[THE TASK] Copy the data exactly. Images are to be left out.

[DATA BELOW]

Segment Open

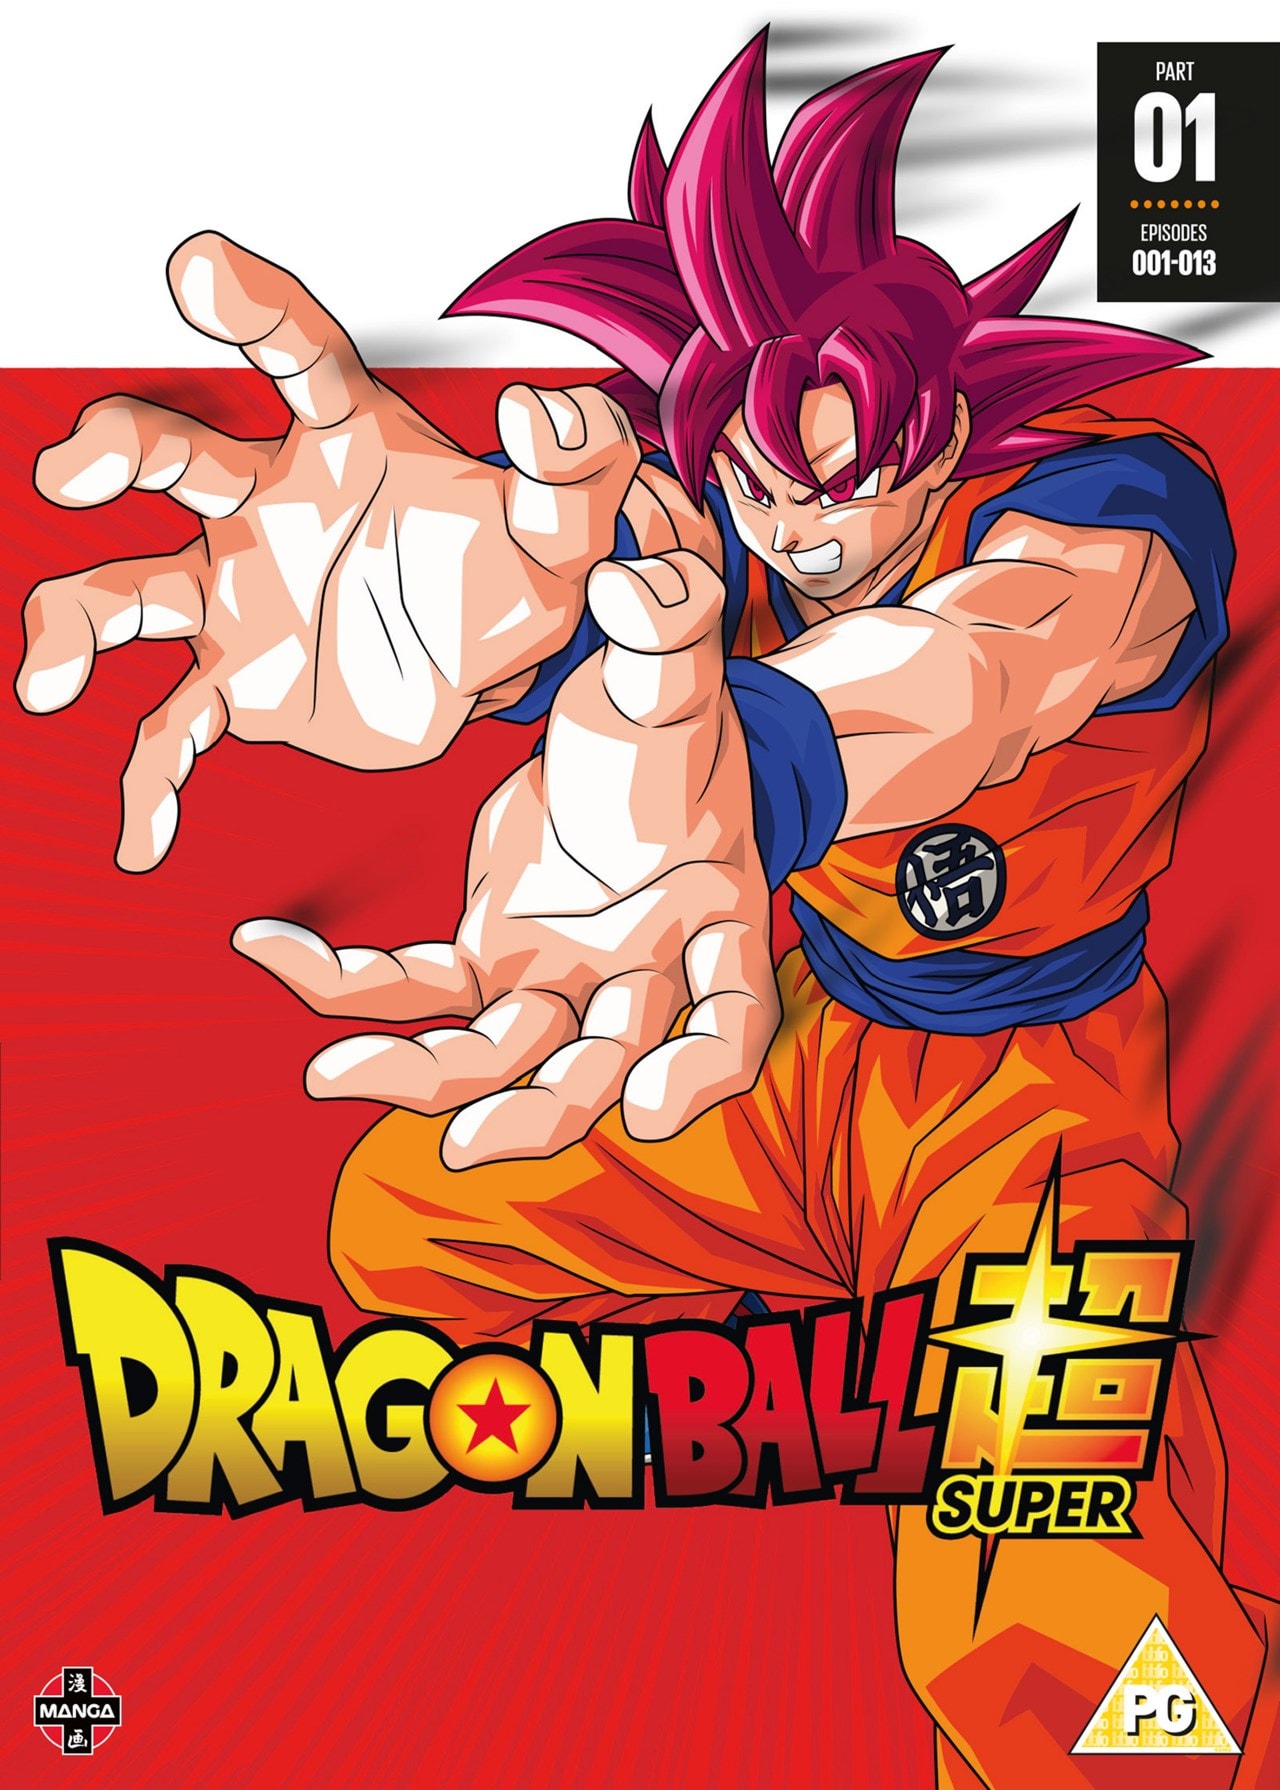 Dragon Ball Super Season 1 Part 1 Dvd Free Shipping Over £20
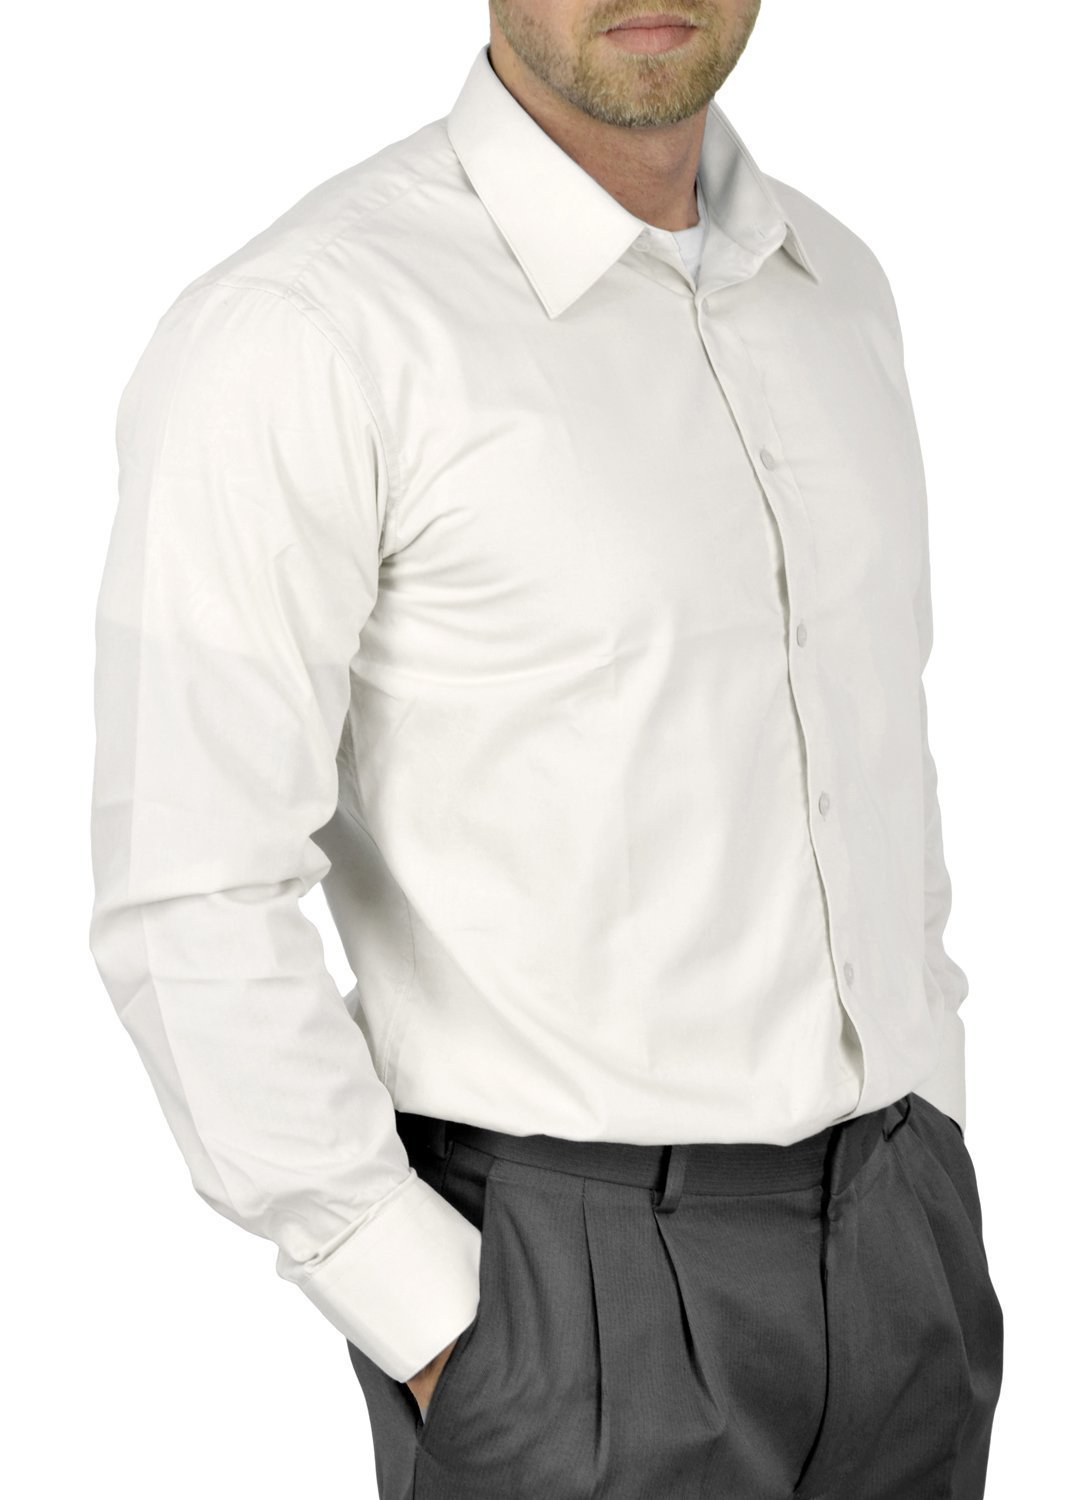 Moda Di Raza Mens Dress Shirt Slim and Regular Fit Office Casual French Cuff White 17.5
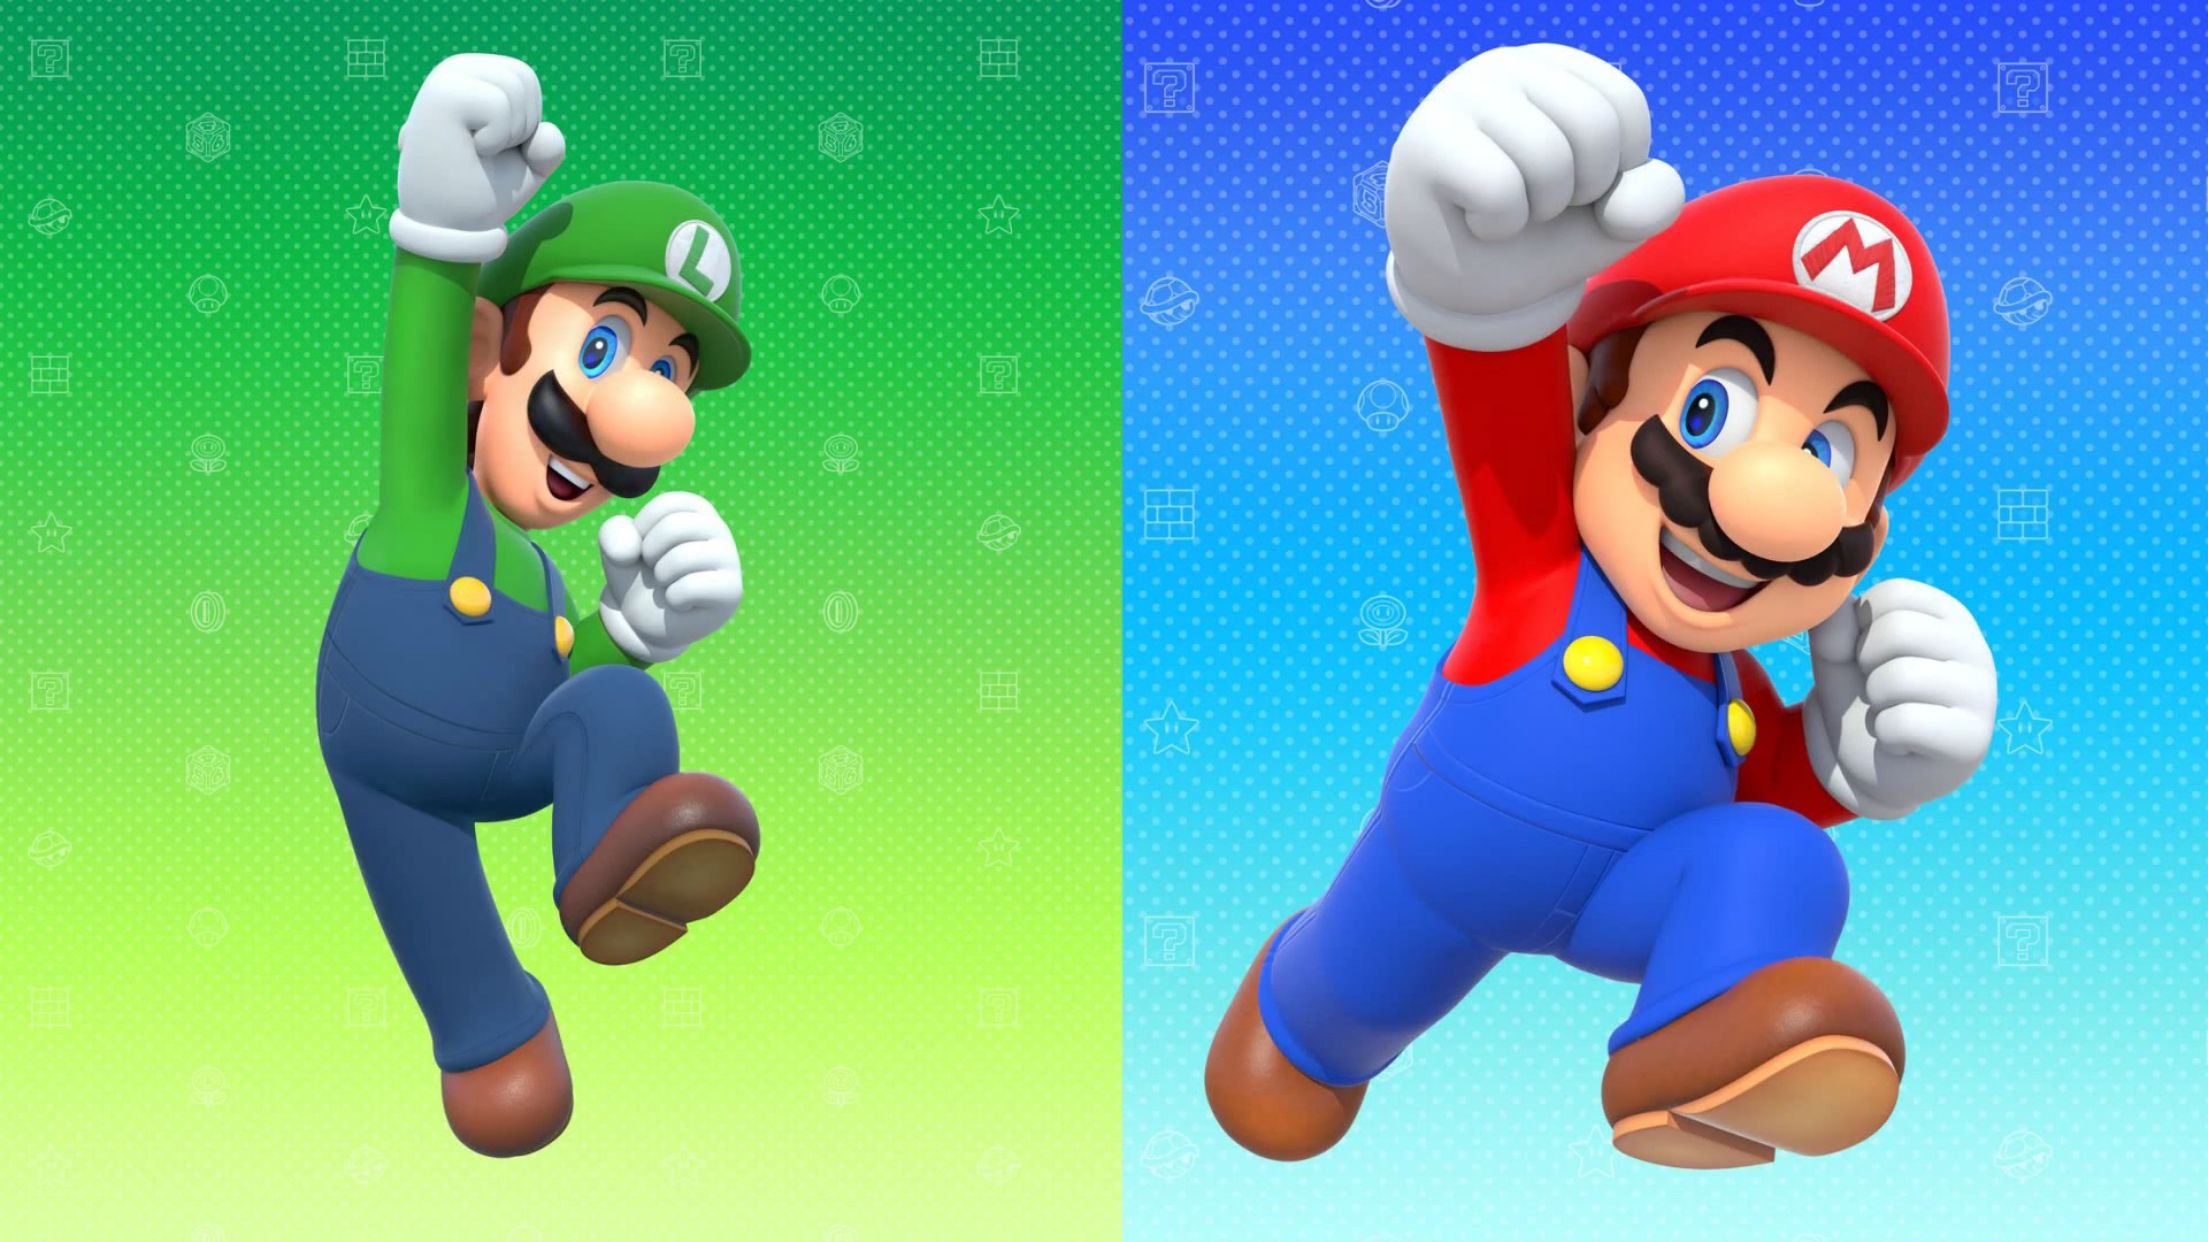 Сколько супер марио. Марио и Луиджи. Марио и Луиджи из Денди. Марио (персонаж игр и Луиджи. Супер братья Марио Луиджи.

Segment Closed

[EXPECTED ANSWER]
 Dragon Ball Super Season 1 Part 1 Dvd Free Shipping Over £20
 Moda Di Raza Mens Dress Shirt Slim and Regular Fit Office Casual French Cuff White 17.5
 Сколько супер марио. Марио и Луиджи. Марио и Луиджи из Денди. Марио (персонаж игр и Луиджи. Супер братья Марио Луиджи.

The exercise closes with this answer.